P085: Tiny Motions Matter


by Beth Bartel - NSF # EAR 1261833 | Summer 2017

The “Loneliest Road in America,” Highway 50 across Nevada, is getting slightly longer every year. This motion is measured by PBO station P085 and its counterparts, which comprise a transect of more than 60 GPS stations anchored across the Great Basin. This region spans from Idaho down to Mexico and from Utah’s Wasatch Mountains in the east to California’s Sierra Nevada in the west. In between lie 800 km (500 miles) of slowly extending crust. P085, in central Nevada, is moving 2.9 mm per year (0.11 in/yr) away from Salt Lake City. Stations in California are moving westward even faster: PBO station P349, on the southern shore of Lake Shasta, moves west at more than twice that rate (6.6 mm/yr, or 0.26 in/yr). These increasing motions indicate that the whole region is extending, by about 14 mm/yr (0.55 in/yr). The extension is hard to notice year to year, but even millimeters add up!

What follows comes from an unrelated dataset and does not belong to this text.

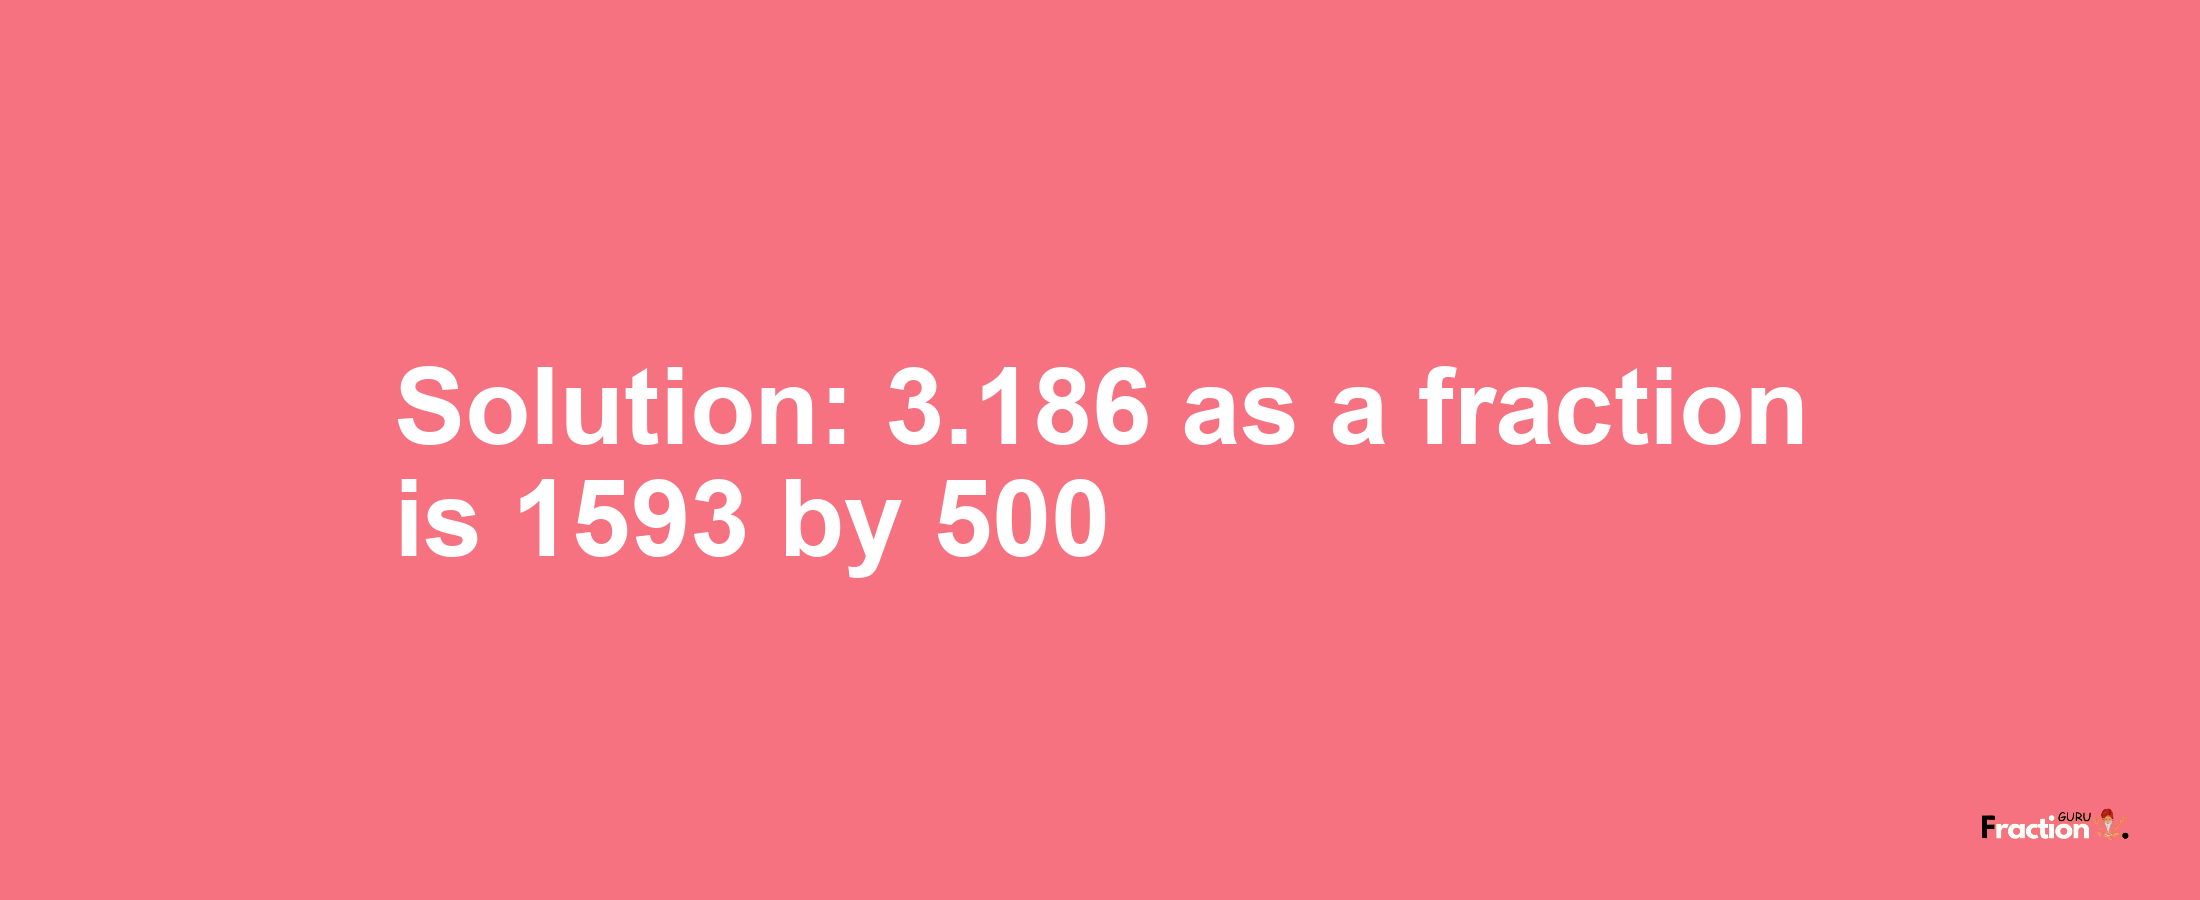 Solution:3.186 as a fraction is 1593/500

Assuming it has been constant through time, this means that there would have been up to 13.6 km of expansion over a 17- million-year timespan across the Basin and Range province, creating its characteristic topography of long valleys interspersed with north–south oriented mountain ranges. The mountain ranges continue to rise today, millimeters at a time. This ongoing motion also eventually builds enough accumulated strain to generate earthquakes, such as the magnitude 6.9 Borah Peak earthquake of 1983 in Idaho’s Lost River Range. Researchers use data from P085 and its counterparts to assess earthquake hazard through this region and to better understand the terrain and Earth structure below it.